▶ PROBLEM:
For the records below, print the lines from the line with "Energielabel Wenmaekersstraat 53 Emmeloord" through the line with "Корм для щенков" exactly as written; include both end lines and exclude the rest.

▶ GIVEN DATA:

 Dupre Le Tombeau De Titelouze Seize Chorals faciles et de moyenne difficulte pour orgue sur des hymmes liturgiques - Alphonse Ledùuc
==
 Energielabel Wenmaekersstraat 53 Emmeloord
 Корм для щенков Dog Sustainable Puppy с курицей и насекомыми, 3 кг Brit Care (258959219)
---
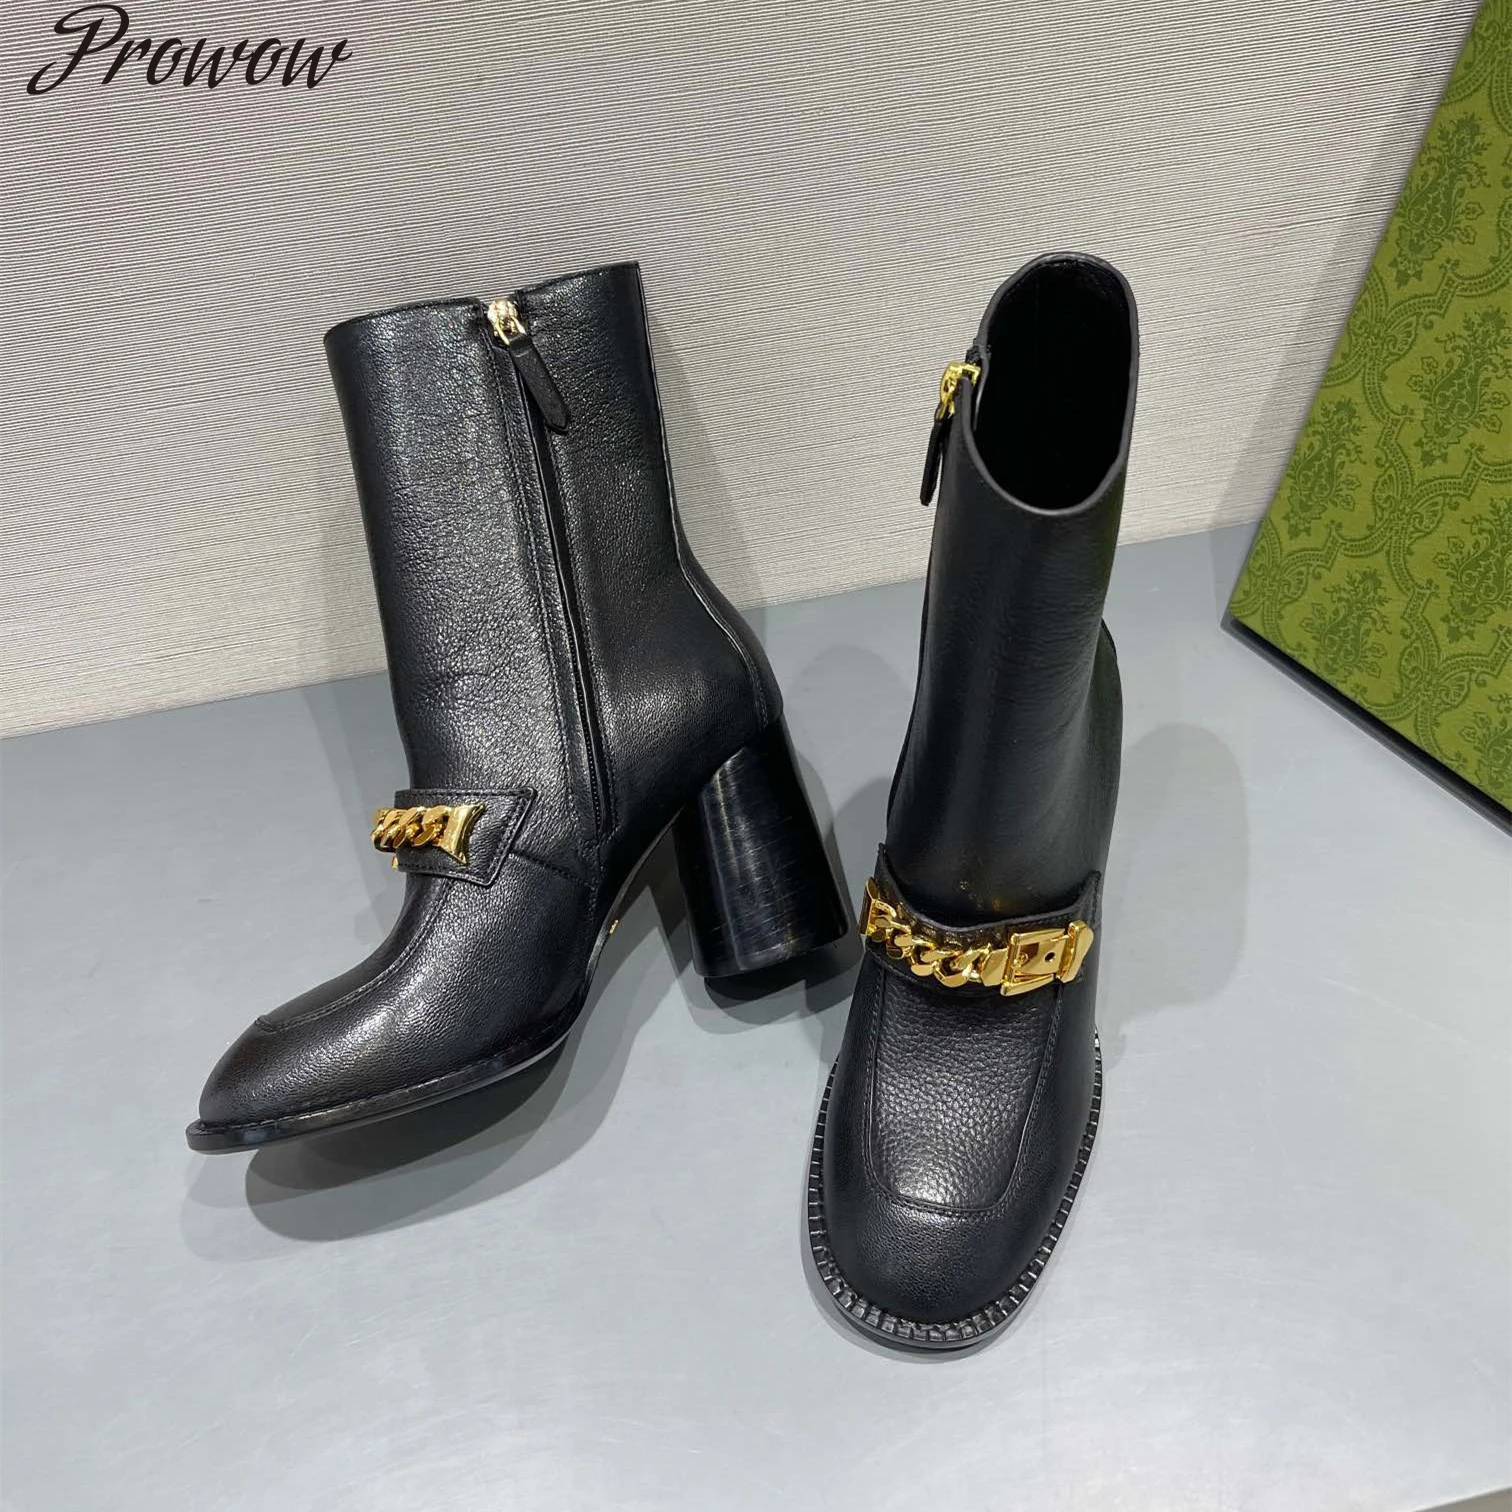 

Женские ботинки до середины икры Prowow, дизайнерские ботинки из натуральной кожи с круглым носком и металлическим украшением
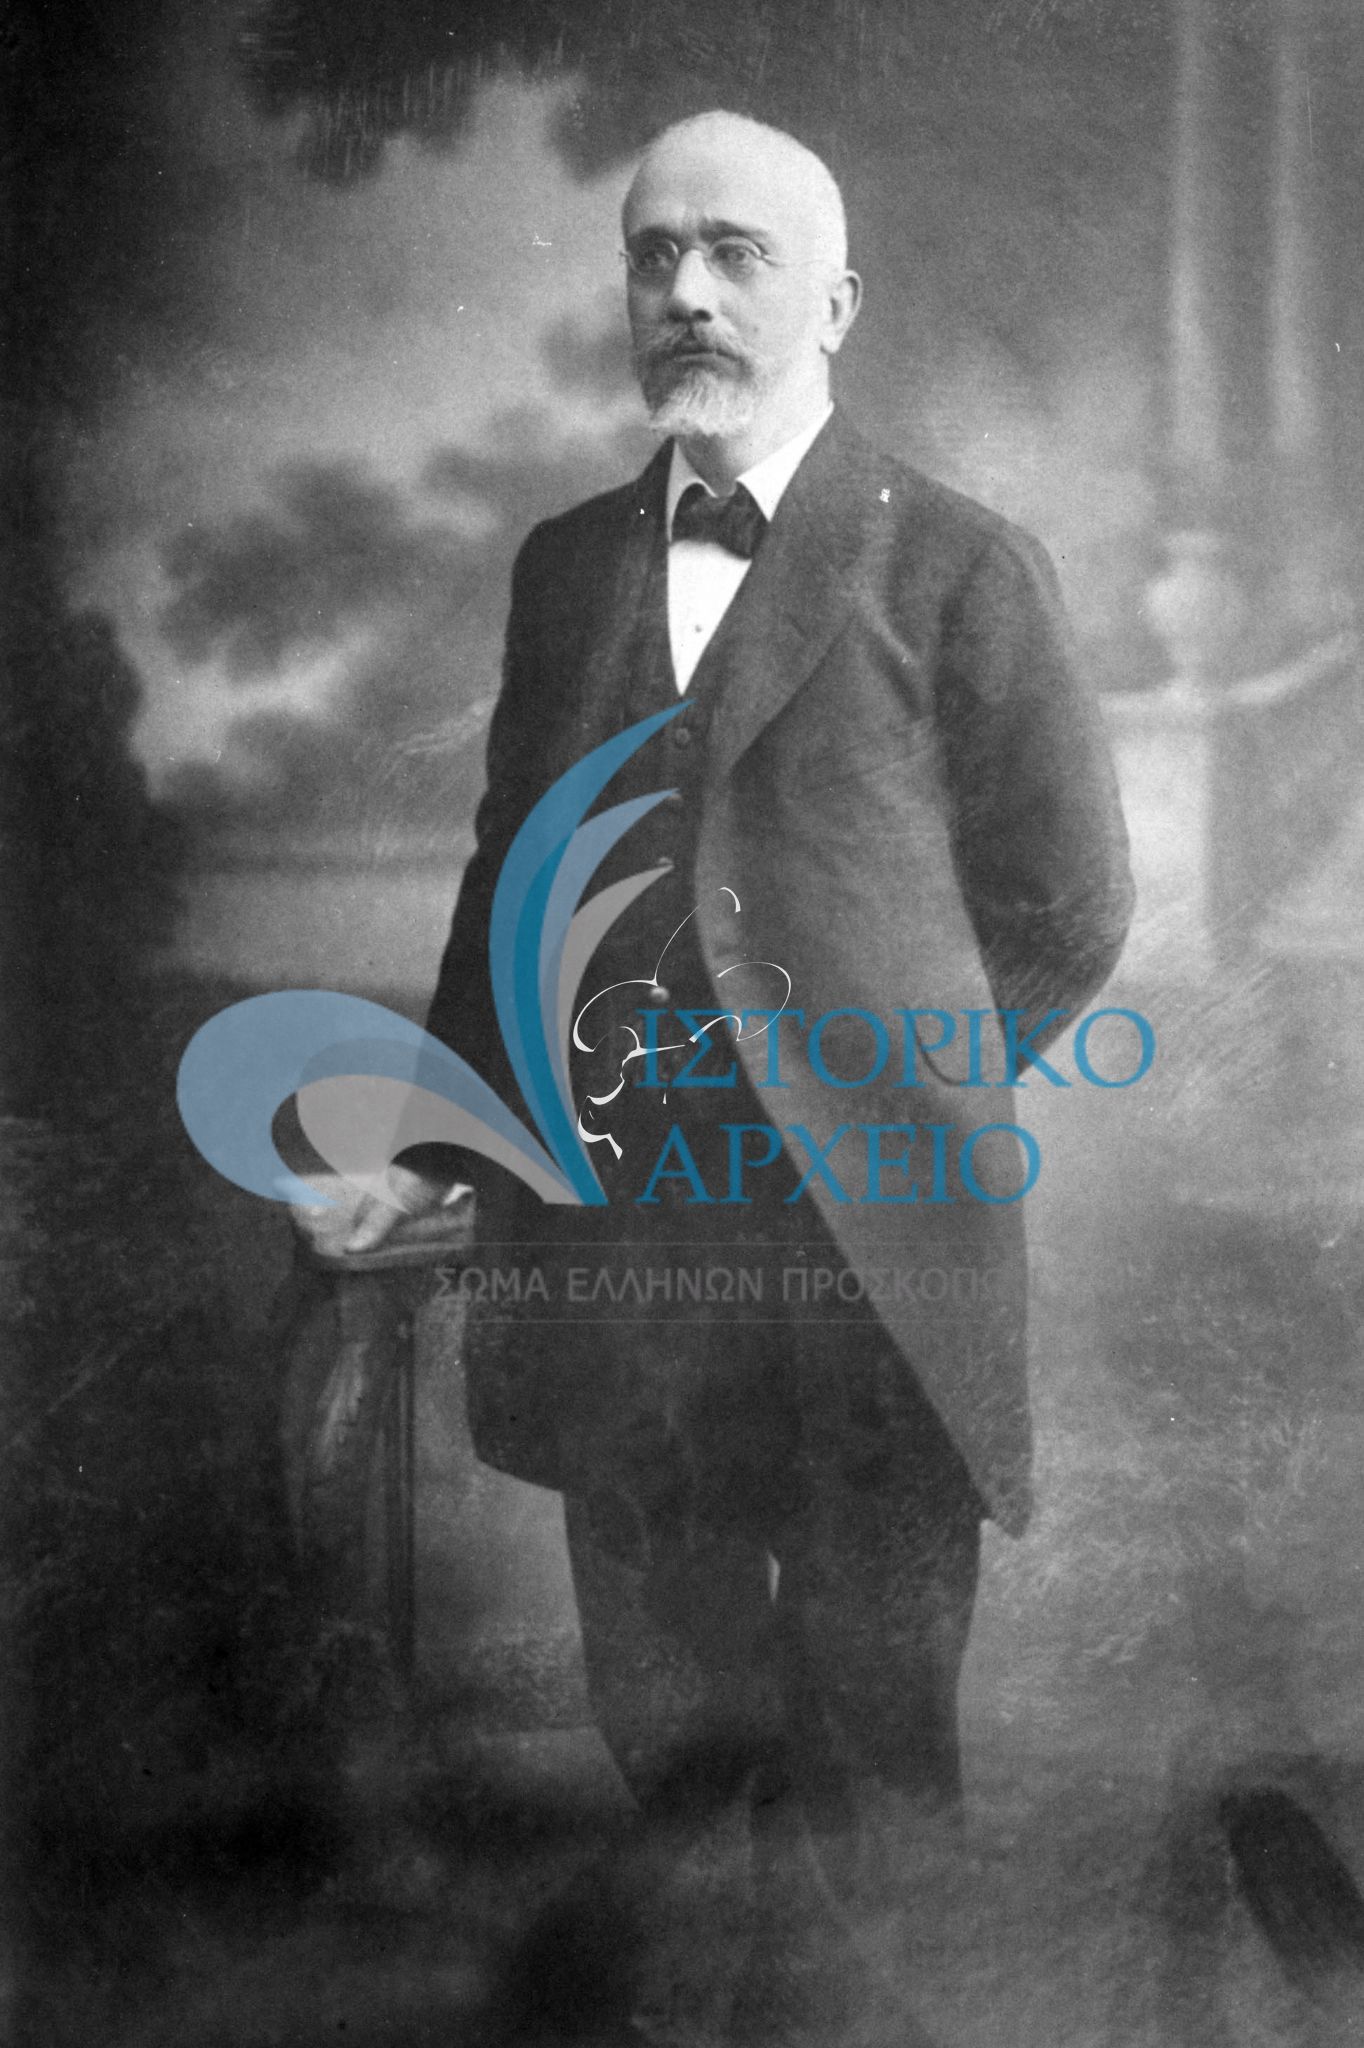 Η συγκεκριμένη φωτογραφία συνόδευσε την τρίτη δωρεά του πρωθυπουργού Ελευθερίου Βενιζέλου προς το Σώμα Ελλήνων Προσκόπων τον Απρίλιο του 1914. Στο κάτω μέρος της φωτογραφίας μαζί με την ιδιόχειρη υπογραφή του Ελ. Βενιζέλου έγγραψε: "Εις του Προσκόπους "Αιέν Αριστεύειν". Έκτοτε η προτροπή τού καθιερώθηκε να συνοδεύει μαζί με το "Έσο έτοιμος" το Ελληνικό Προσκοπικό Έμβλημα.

▶ SOLUTION TO THE EXERCISE:
 Energielabel Wenmaekersstraat 53 Emmeloord
 Корм для щенков Dog Sustainable Puppy с курицей и насекомыми, 3 кг Brit Care (258959219)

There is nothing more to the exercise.